## Work instructions:
Return the count of lines in the following records that include "sports", and nothing more.

(Supplied information Opens)

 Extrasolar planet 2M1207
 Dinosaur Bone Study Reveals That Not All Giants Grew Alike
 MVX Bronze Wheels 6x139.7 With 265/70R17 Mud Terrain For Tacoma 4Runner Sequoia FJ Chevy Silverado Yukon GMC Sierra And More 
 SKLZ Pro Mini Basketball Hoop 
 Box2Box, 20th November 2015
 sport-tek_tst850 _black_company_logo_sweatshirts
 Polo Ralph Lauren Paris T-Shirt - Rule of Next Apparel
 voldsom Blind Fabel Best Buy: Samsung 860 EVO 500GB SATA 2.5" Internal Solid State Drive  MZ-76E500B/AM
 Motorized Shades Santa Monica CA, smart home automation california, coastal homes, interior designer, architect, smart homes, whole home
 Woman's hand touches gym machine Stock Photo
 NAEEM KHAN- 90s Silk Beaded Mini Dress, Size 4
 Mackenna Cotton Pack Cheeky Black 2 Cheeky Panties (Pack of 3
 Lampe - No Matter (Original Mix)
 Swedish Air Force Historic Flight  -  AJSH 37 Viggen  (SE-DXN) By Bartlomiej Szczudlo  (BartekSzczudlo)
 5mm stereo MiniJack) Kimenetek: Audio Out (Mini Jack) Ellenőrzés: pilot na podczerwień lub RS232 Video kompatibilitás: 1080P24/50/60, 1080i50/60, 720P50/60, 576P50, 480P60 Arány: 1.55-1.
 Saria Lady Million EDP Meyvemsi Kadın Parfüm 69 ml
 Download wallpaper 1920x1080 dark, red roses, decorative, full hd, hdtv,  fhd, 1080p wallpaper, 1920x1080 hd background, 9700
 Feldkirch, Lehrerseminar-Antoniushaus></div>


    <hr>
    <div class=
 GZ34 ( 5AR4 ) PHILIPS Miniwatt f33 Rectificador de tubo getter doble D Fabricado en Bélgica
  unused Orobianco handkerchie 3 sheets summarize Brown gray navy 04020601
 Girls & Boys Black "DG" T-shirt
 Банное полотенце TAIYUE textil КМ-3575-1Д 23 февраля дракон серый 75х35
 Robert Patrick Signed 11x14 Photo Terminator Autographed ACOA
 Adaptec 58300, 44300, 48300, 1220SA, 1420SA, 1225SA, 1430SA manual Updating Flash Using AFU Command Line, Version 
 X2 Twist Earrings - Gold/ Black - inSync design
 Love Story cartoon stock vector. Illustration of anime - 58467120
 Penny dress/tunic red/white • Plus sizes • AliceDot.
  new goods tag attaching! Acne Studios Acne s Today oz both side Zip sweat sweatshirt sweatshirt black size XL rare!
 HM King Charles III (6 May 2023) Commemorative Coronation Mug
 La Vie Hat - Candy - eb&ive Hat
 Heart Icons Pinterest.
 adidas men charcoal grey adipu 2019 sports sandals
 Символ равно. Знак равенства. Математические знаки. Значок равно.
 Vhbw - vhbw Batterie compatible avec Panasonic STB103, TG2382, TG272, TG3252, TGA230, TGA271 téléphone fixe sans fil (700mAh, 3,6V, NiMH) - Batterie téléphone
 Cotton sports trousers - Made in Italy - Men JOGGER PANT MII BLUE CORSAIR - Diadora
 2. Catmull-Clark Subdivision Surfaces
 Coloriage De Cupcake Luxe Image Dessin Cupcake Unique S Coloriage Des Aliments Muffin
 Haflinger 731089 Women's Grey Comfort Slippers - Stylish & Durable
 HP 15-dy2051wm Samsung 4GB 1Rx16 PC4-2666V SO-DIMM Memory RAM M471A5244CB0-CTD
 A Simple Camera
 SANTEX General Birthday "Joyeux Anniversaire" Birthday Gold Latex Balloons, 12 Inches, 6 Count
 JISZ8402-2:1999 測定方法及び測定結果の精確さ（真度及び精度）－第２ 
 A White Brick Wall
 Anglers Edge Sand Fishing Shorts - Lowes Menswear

(Supplied information Closes)

## Answer section:
2